5. A system comprising a first and a second structures, each structure
encoding digitized video signals representing a series of frames of
images, said digitized video signals being stored in an external memory
system, each structure comprising:
a first and a second video ports, each video port being configurable to be
either an input port or an output port for video signals;
a host bus interface circuit for interfacing with an external host
computer;
a scratch-pad memory for storing a portion of said series of frames of
images;
a processor for arithmetic and logic operations, wherein said processor
computing coefficients of a discrete cosine transform of said portion of
said series of frames of images, and for applying a quantization step for
said coefficients to obtained quantized coefficients under a lossy
compression algorithm;
a motion estimation unit for matching objects in motion between said frames
of images, said motion estimation unit providing as data output motion
vectors representing said motion of said objects in motion between said
frames of images;
a variable-length coding unit for applying an entropy coding scheme on said
quantized coefficients and said motion vectors to represent said video
signals;
a global bus accessible by said first and second video port, said host bus
interface, said scratch-pad memory, said processor, said motion estimation
unit, and said variable-length coding unit, said global bus providing data
transfer among said first and second video port, said host bus interface,
said scratch-pad memory, said processor, said motion estimation unit, and
said variable-length coding unit;
a processor bus having a higher bandwidth than said global bus for
providing data transfer among said processor, said scratch-pad memory, and
said variable-length coding unit; and
a memory controller for (a) controlling data transfers between said
external memory and said structure, and (b) for controlling the uses of
said global bus and said processor bus;
wherein said first video port of said first structure and said first video
port of said second structure are connected to receive said video signals,
and said second video port of said first structure and said second video
port of said second structure are connected to pass said video data
between said first structure and said second structure.

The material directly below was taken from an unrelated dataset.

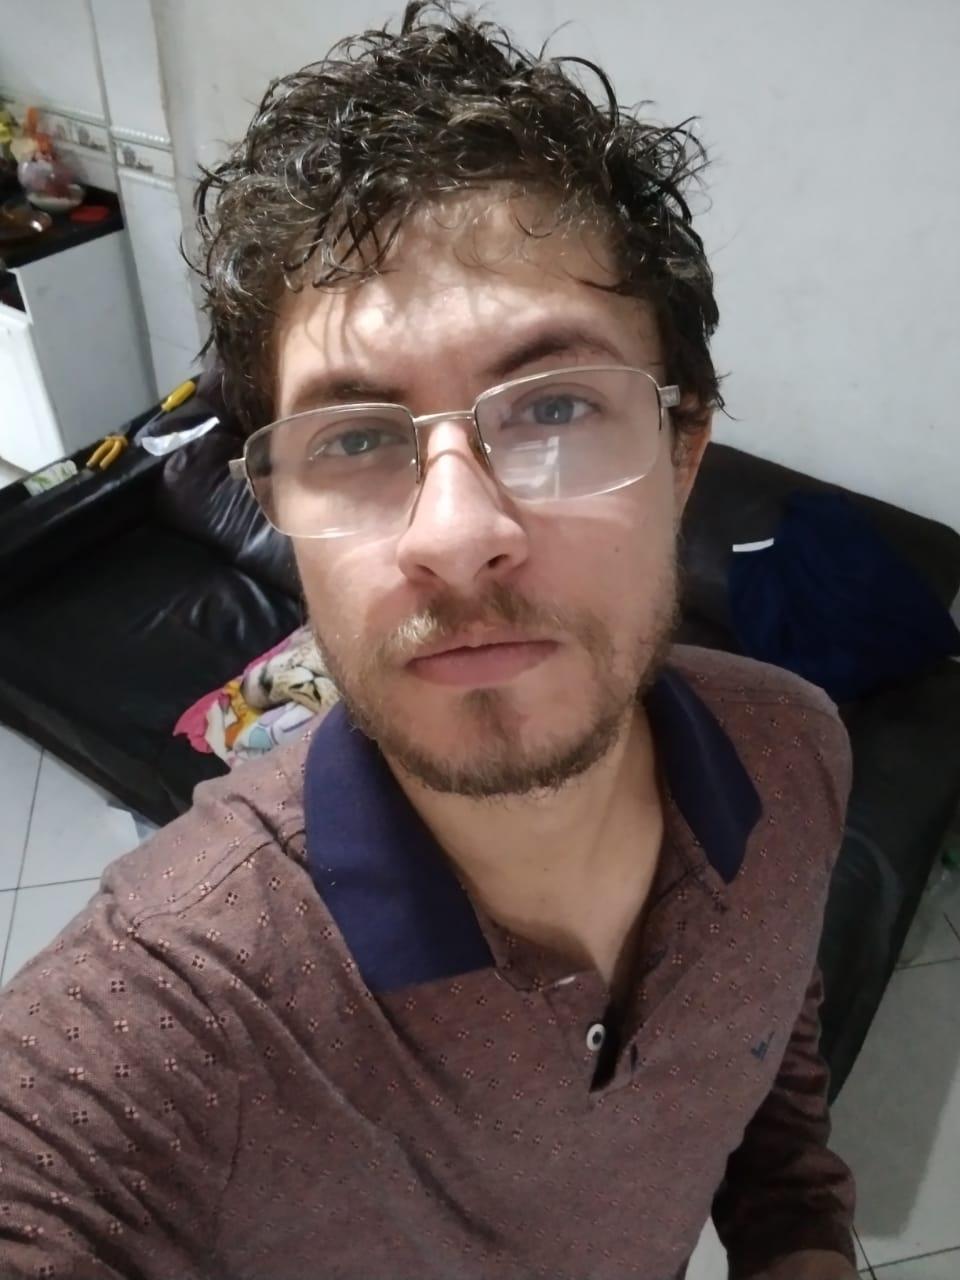 Jeison Sousa
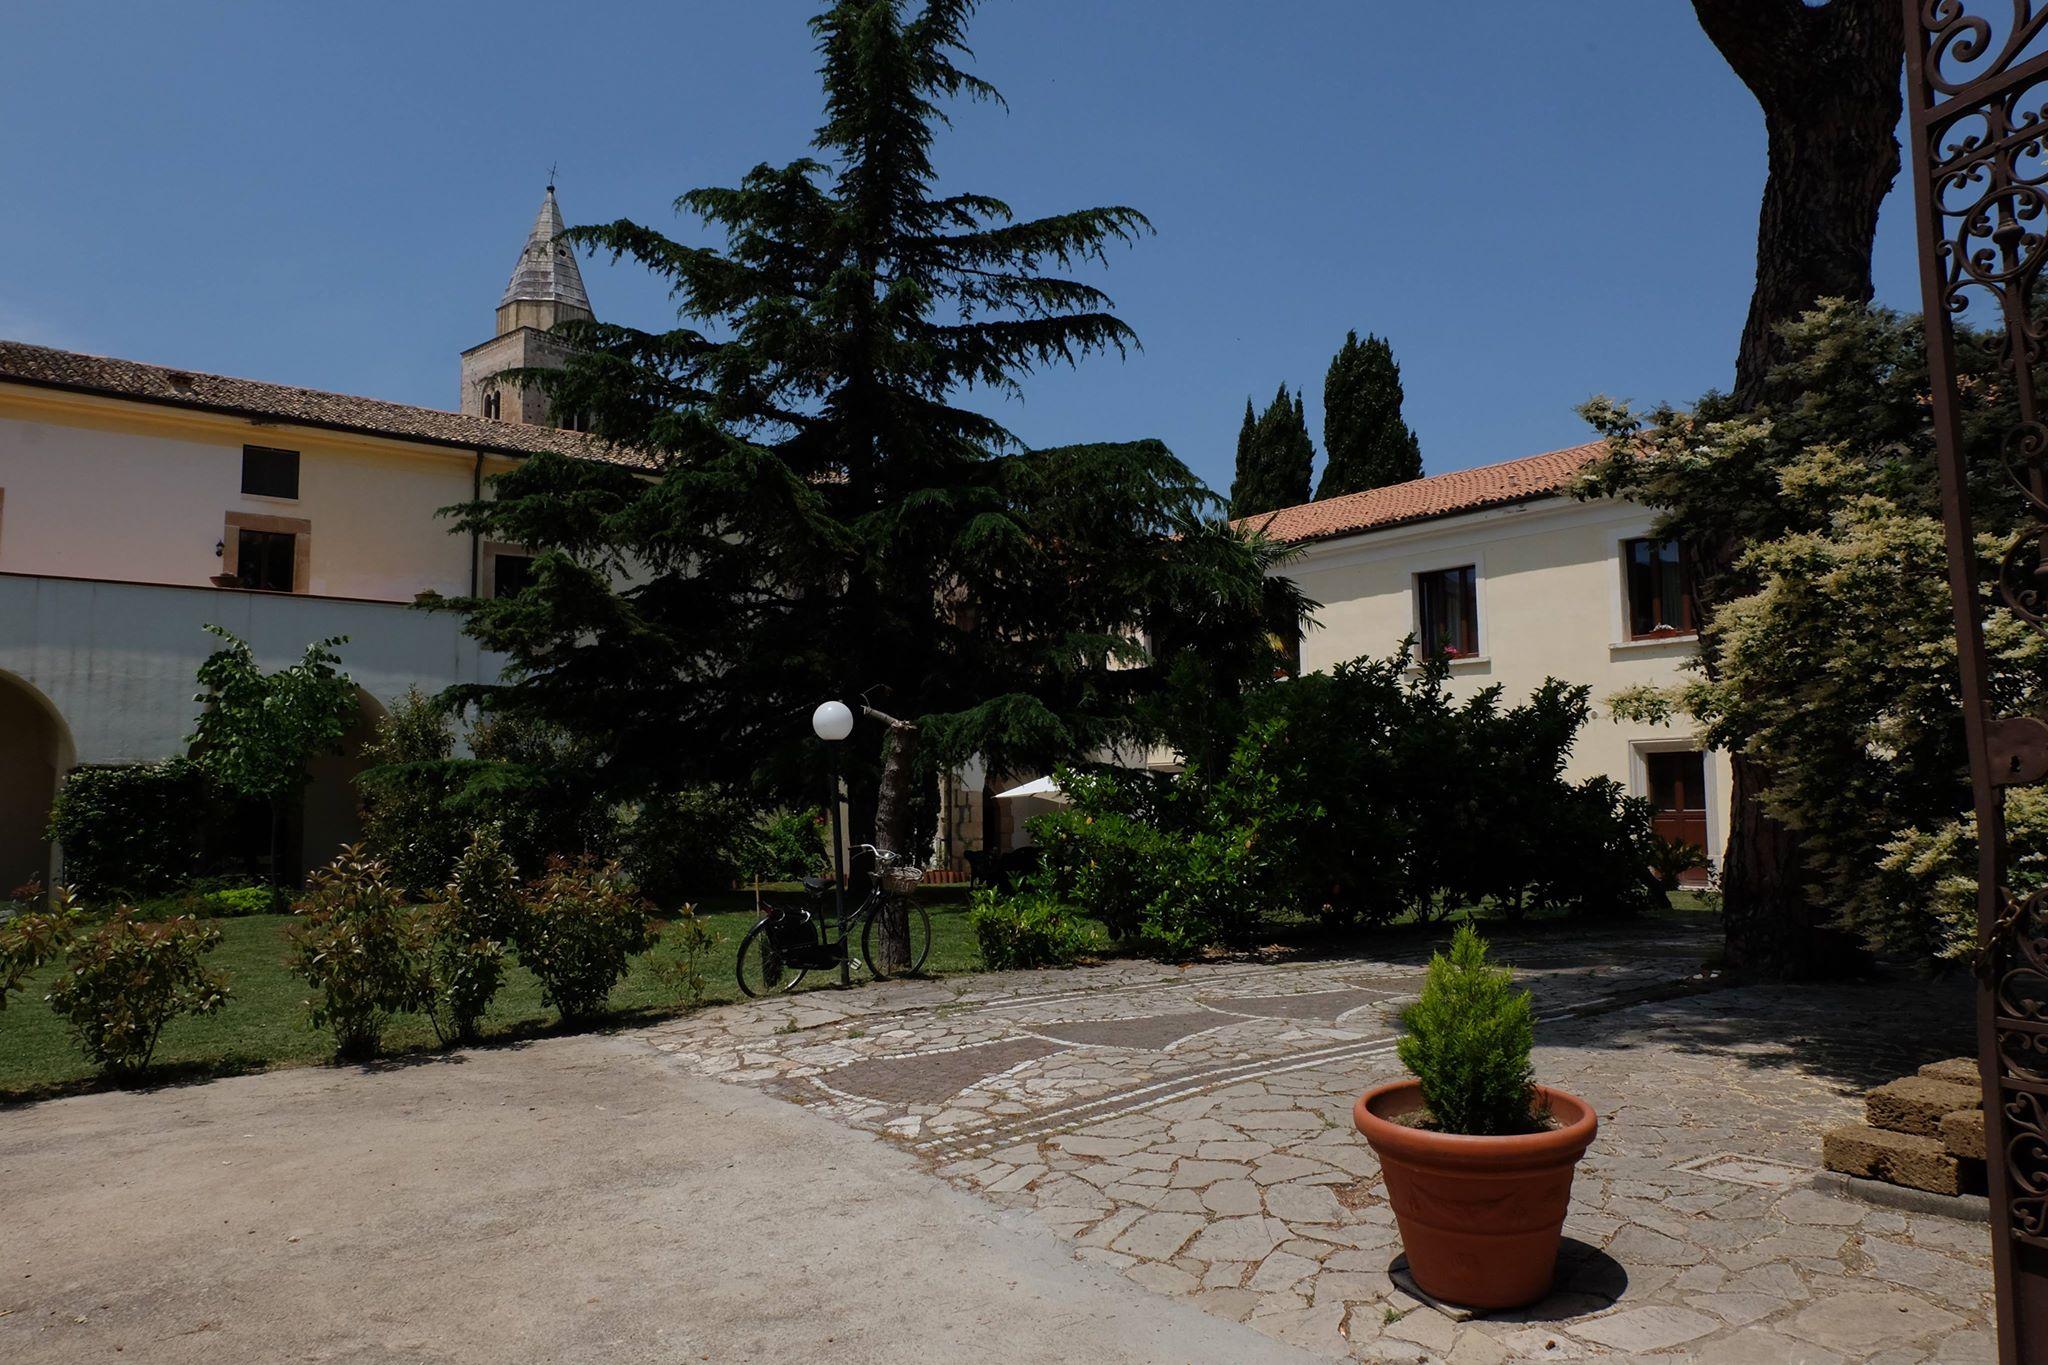 galleria foto struttura hostel il tetto melfi ostello dormire soggiorno vacanze basilicata7

6. A method for encoding digitized video signals representing a series of
frames of images, said digitized video signals being stored in an external
memory system, said method comprising the steps of:
providing a first and a second video ports, each video port being
configurable to be either an input port or an output port for video
signals;
using a host bus interface circuit to interface with an external host
computer;
storing a portion of said series of frames of images in a scratch-pad
memory;
providing a processor for arithmetic and logic operations, wherein said
processor computing coefficients of a discrete cosine transform of said
portion of said series of frames of images, and for applying a
quantization step for said coefficients to obtained quantized coefficients
under a lossy compression algorithm;
matching objects in motion between said frames of images using a motion
estimation unit, said motion estimation unit providing as data output
motion vectors representing said motion of said objects in motion between
said frames of images;
applying in a variable-length coding unit an entropy coding scheme on said
quantized coefficients and said motion vectors to represent said video
signals;
providing a global bus accessible by said first and second video port, said
host bus interface, said scratch-pad memory, said processor, said motion
estimation unit, and said variable-length coding unit, said global bus
providing data transfer among said first and second video port, said host
bus interface, said scratch-pad memory, said processor, said motion
estimation unit, and said variable-length coding unit;
providing a processor bus having a higher bandwidth than said global bus
for providing data transfer among said processor, said scratch-pad memory,
and said variable-length coding unit; and
providing a memory controller for (a) controlling data transfers between
said external memory and said structure, and (b) for controlling the uses
of said global bus and said processor bus.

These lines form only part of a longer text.